▶ Task to carry out: Could you restate every entry word for word, leaving the pictures out?

▶ Input data:
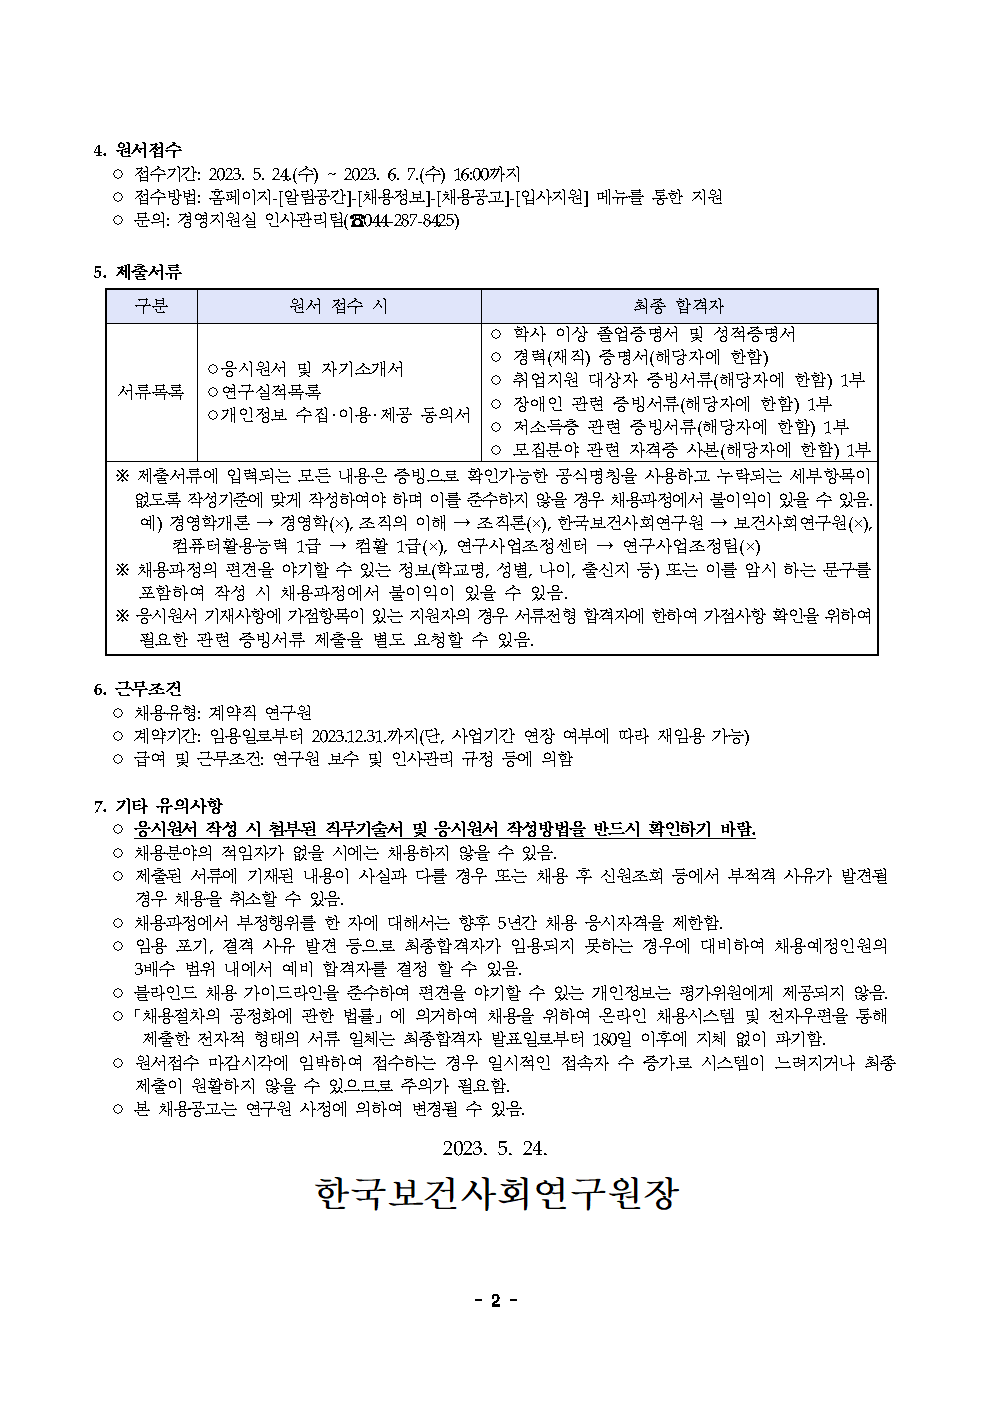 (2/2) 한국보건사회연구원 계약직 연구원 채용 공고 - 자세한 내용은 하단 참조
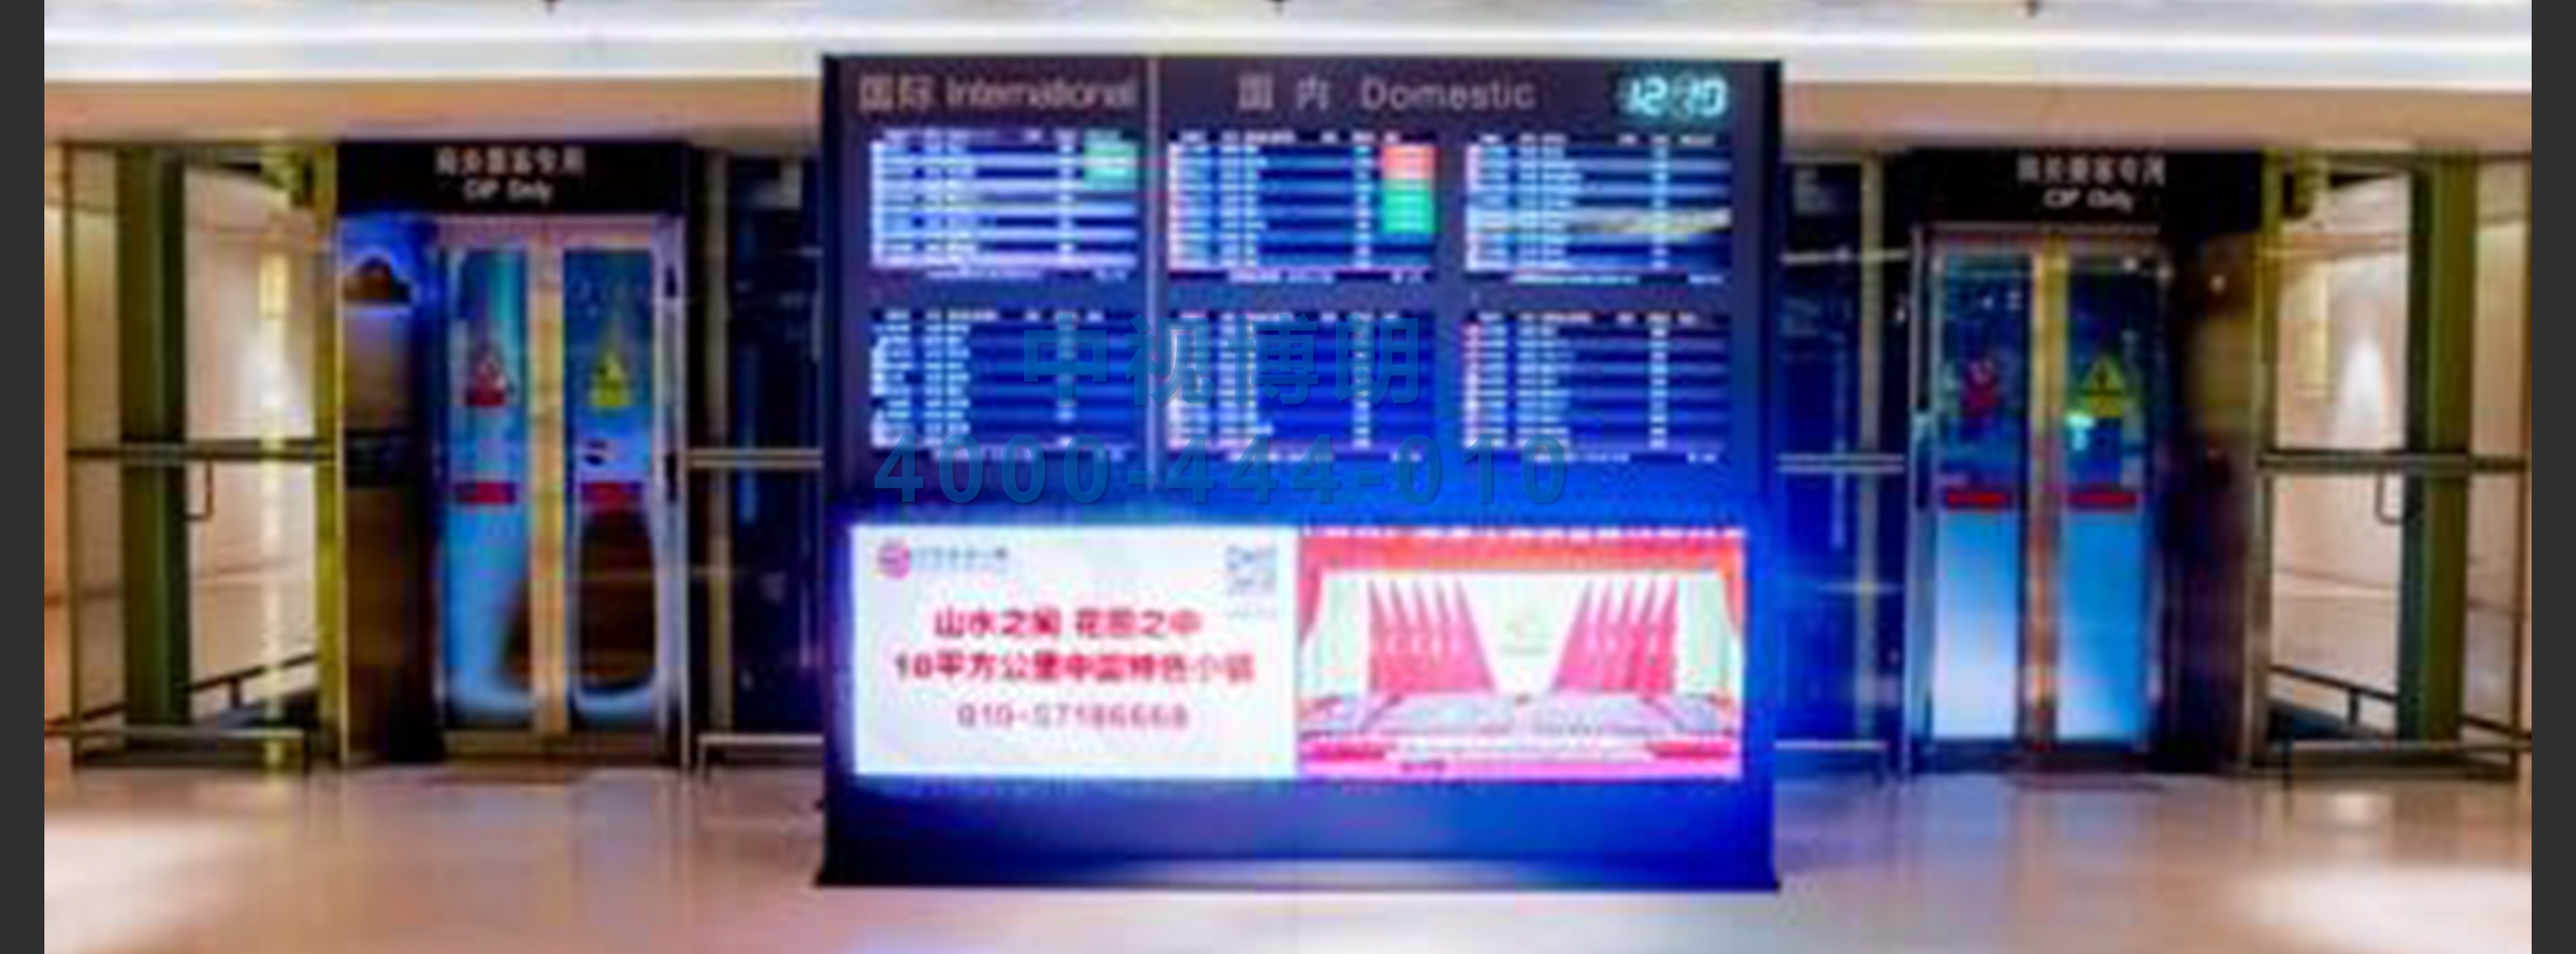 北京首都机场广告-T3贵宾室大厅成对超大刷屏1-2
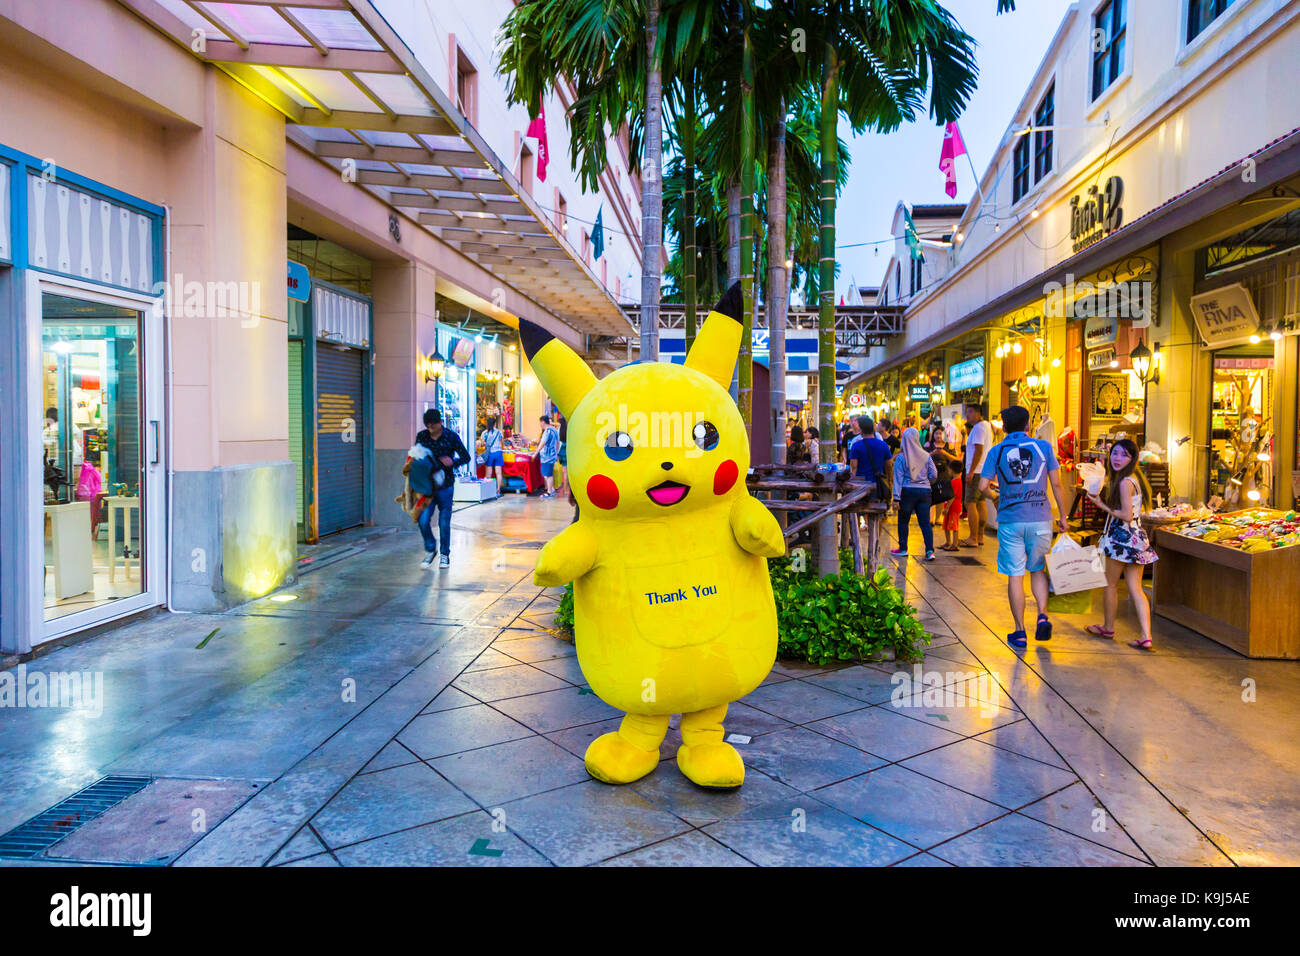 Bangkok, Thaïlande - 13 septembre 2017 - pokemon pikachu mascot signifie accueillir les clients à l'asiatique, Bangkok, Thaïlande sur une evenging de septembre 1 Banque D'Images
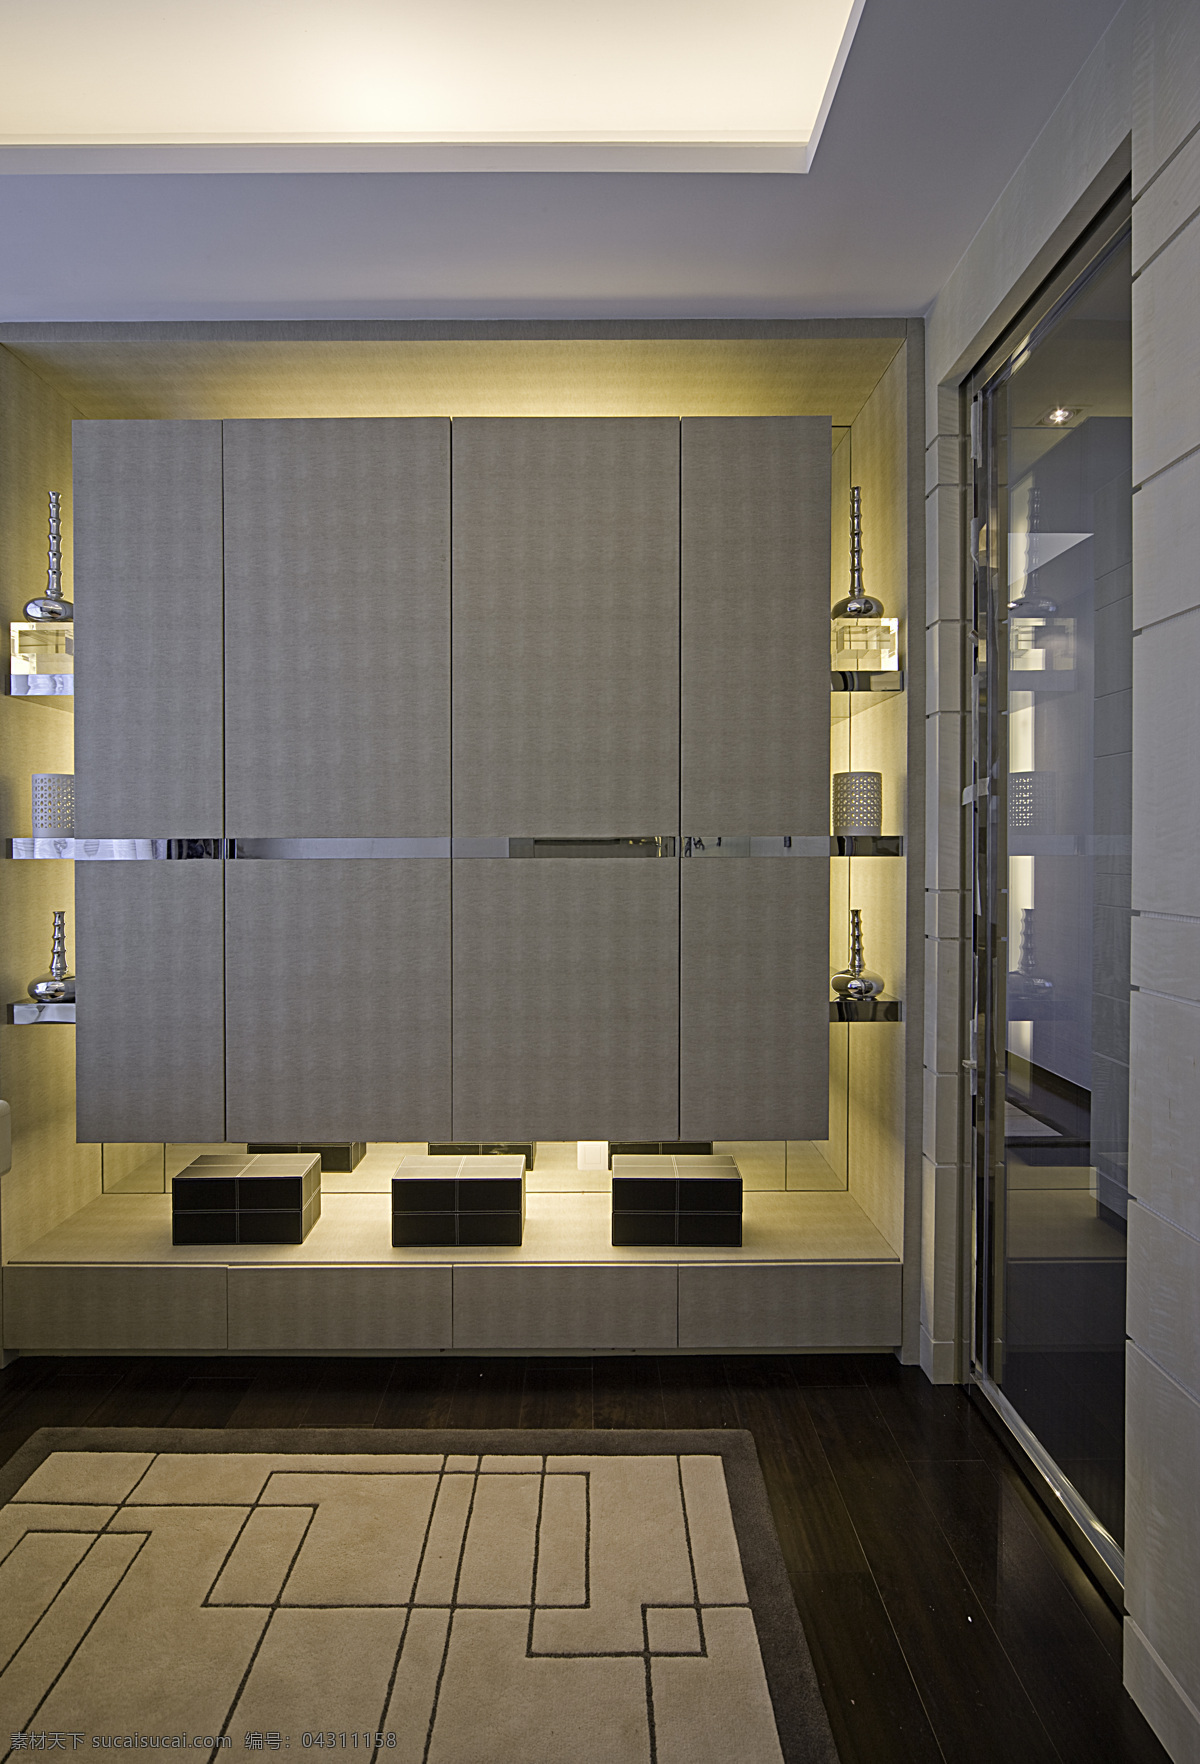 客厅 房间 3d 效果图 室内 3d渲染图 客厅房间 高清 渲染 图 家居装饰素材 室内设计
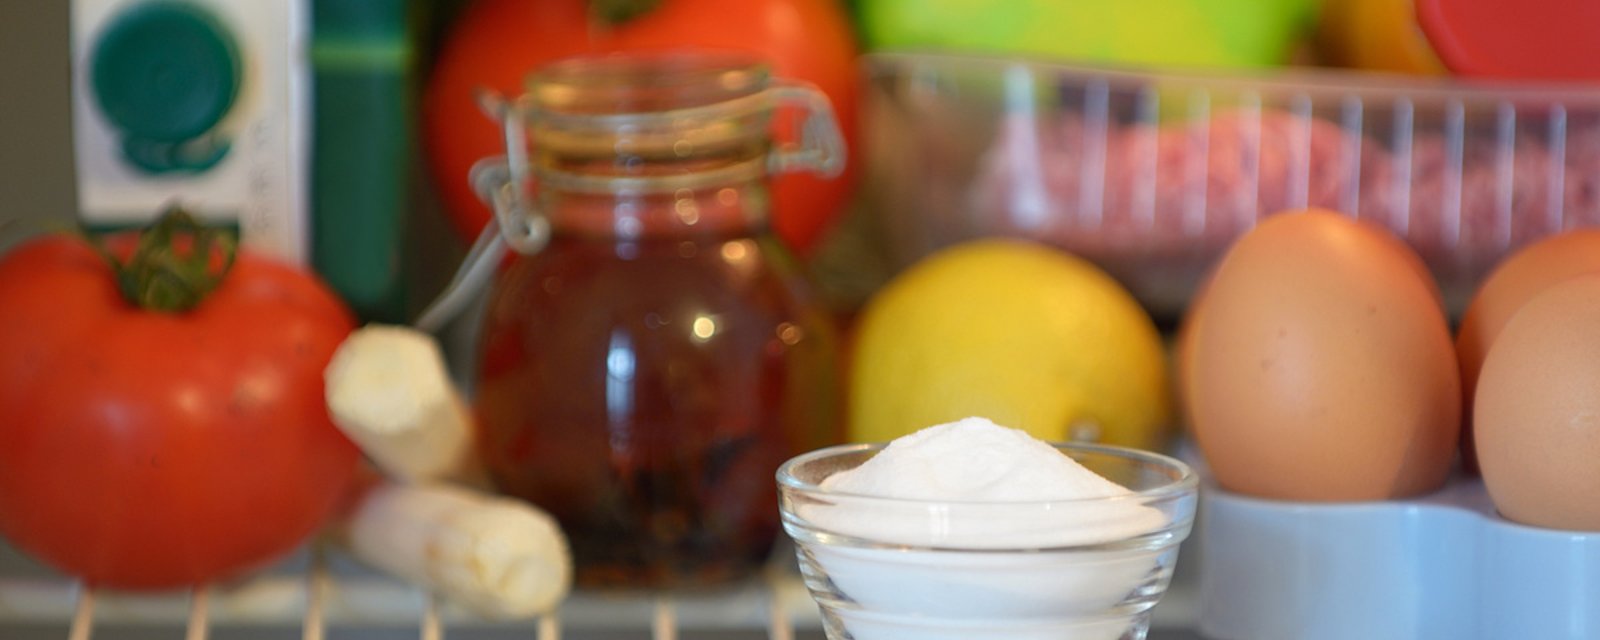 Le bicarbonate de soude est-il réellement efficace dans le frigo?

▶ Result:
 (2/2) 한국보건사회연구원 계약직 연구원 채용 공고 - 자세한 내용은 하단 참조
 北京首都机场广告-T3贵宾室大厅成对超大刷屏1-2
 Bangkok, Thaïlande - 13 septembre 2017 - pokemon pikachu mascot signifie accueillir les clients à l'asiatique, Bangkok, Thaïlande sur une evenging de septembre 1 Banque D'Images
 客厅 房间 3d 效果图 室内 3d渲染图 客厅房间 高清 渲染 图 家居装饰素材 室内设计
 Le bicarbonate de soude est-il réellement efficace dans le frigo?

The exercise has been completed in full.